Again, this passage is remarkably non-committal about whether the US did incite those protests.

The timing on the description of how Russia came to love the Donald is interesting — beginning in June.

Beginning in June, Putin’s public comments about the US presidential race avoided directly praising President-elect Trump,

In its description of Putin’s desire to force an international ISIL coalition, the report doesn’t address a number of things, most notably the reasons why we don’t have an international coalition now. Again, this is a bullet point that I’m sure the most classified report has far more detail on.

Moscow also saw the election of Presidentelect Trump as a way to achieve an international counterterrorism coalition against the Islamic State in Iraq and the Levant (ISIL).

Likewise, I wonder whether there’s backup to this discussion of Putin’s comfort in working with people who have business ties to Russia.

Putin has had many positive experiences working with Western political leaders whose business interests made them more disposed to deal with Russia, such as former Italian Prime Minister Silvio Berlusconi and former German Chancellor Gerhard Schroeder.

How much did CIA lay out what Trump’s business interests in Russia are?

The section on the actual hack is interesting. It starts by saying “Russian intelligence” got into the DNC in July 2015, which would refer to the FSB hack. Here’s how it talks about the GRU hack(s).

The General Staff Main Intelligence Directorate (GRU) probably began cyber operations aimed at the US election by March 2016. We assess that the GRU operations resulted in the compromise of the personal e-mail accounts of Democratic Party officials and political figures. By May, the GRU had exfiltrated large volumes of data from the DNC.

So:

  • The report admits that they don’t know when GRU started this. This is interesting for a slew of reasons, not least that it shows some uncertainty in the forensics.
  • Note how it refers to “Democratic party officials and political figures,” but never Podesta by name. It also doesn’t name Colin Powell, though the follow-up language must include him too.
  • Here, unlike in the JAR, the report says GRU exfiltrated a lot of data.

I’m not terrifically impressed by their paragraph on Guccifer 2.0, which is a problem, because this is one of the weakest parts of their argument.

Guccifer 2.0, who claimed to be an independent Romanian hacker, made multiple contradictory statements and false claims about his likely Russian identity throughout the election. Press reporting suggests more than one person claiming to be Guccifer 2.0 interacted with journalists.

I’ll come back to this. I just think it’s weak in a number of places.

The DC Leaks passage is stronger.

Content that we assess was taken from e-mail accounts targeted by the GRU in March 2016 appeared on DCLeaks.com starting in June.

Here’s the passage on WikiLeaks.

We assess with high confidence that the GRU relayed material it acquired from the DNC and senior Democratic officials to WikiLeaks. Moscow most likely chose WikiLeaks because of its selfproclaimed reputation for authenticity. Disclosures through WikiLeaks did not contain any evident forgeries.

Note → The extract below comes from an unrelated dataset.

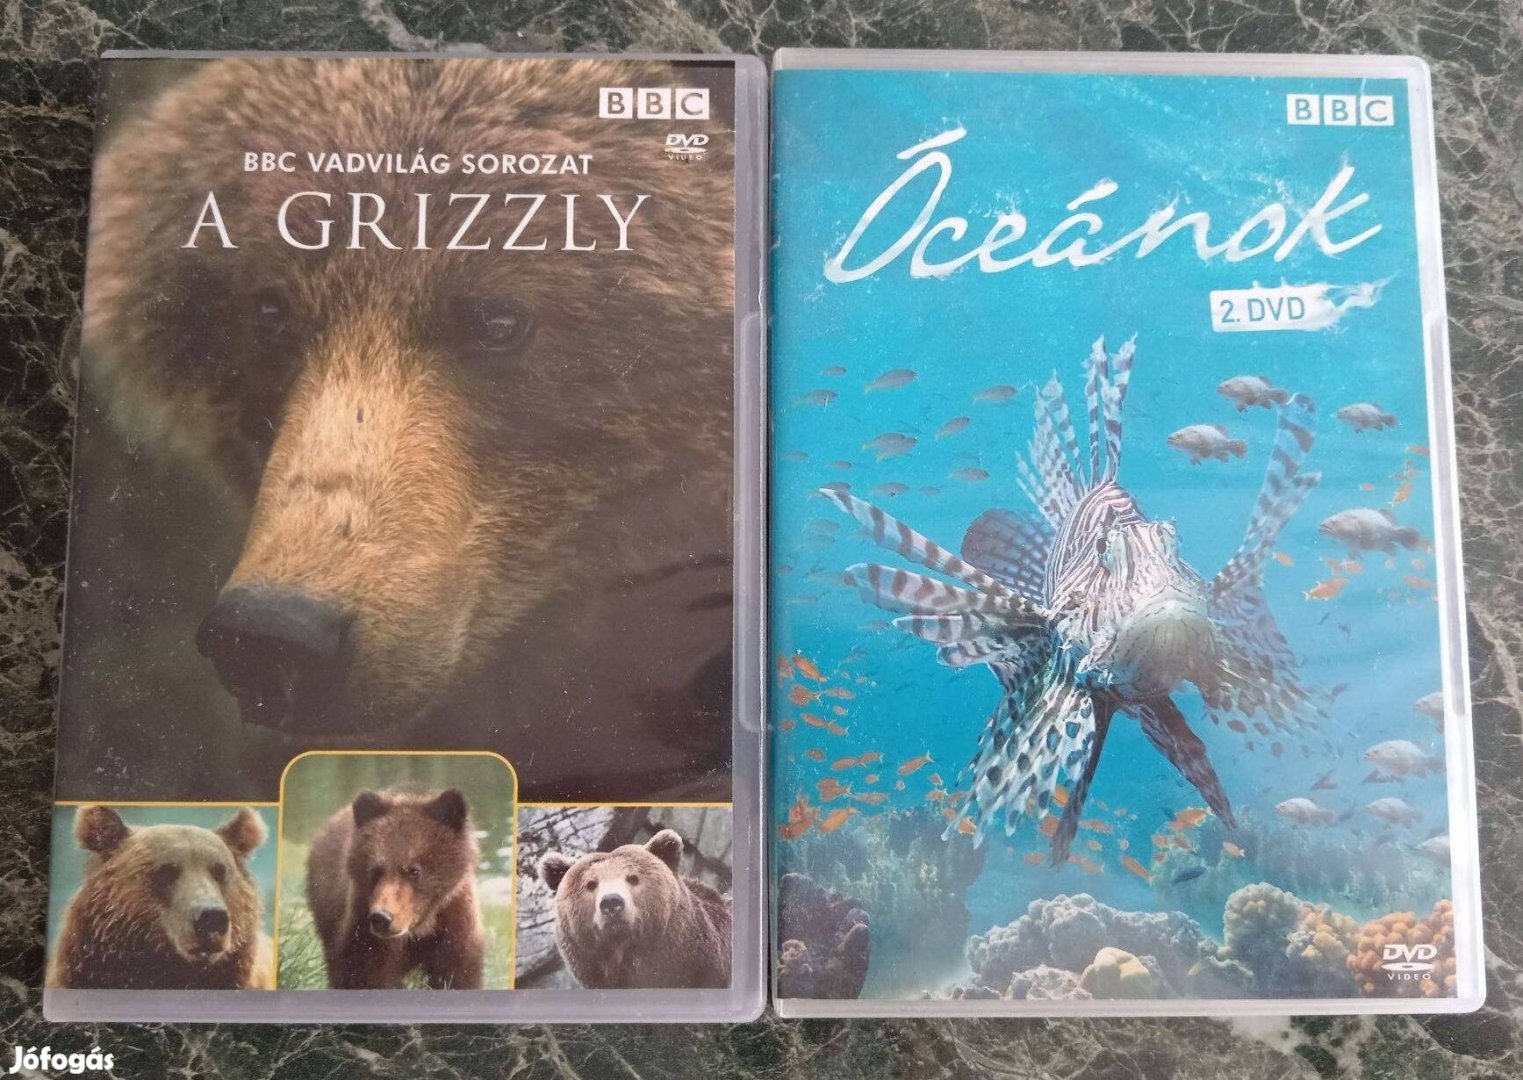 DVD BBC Vadvilág sorozat A Grizzly, Óceánok

The passage doesn’t talk about cut-outs, but earlier leaks make it clear that’s how it happened. I think the sentence “Moscow most likely chose WL” is either bullshit or not very smart.

Others have complained that this passage confirms there were no “obvious forgeries.” The passage as a whole undermines some claims IC affiliates were saying in real time. So behind this paragraph, there’s a whole lot of real-time assessments that were revisited. Indeed, several paragraphs later, the report makes the claim that forgeries are the MO for GRU.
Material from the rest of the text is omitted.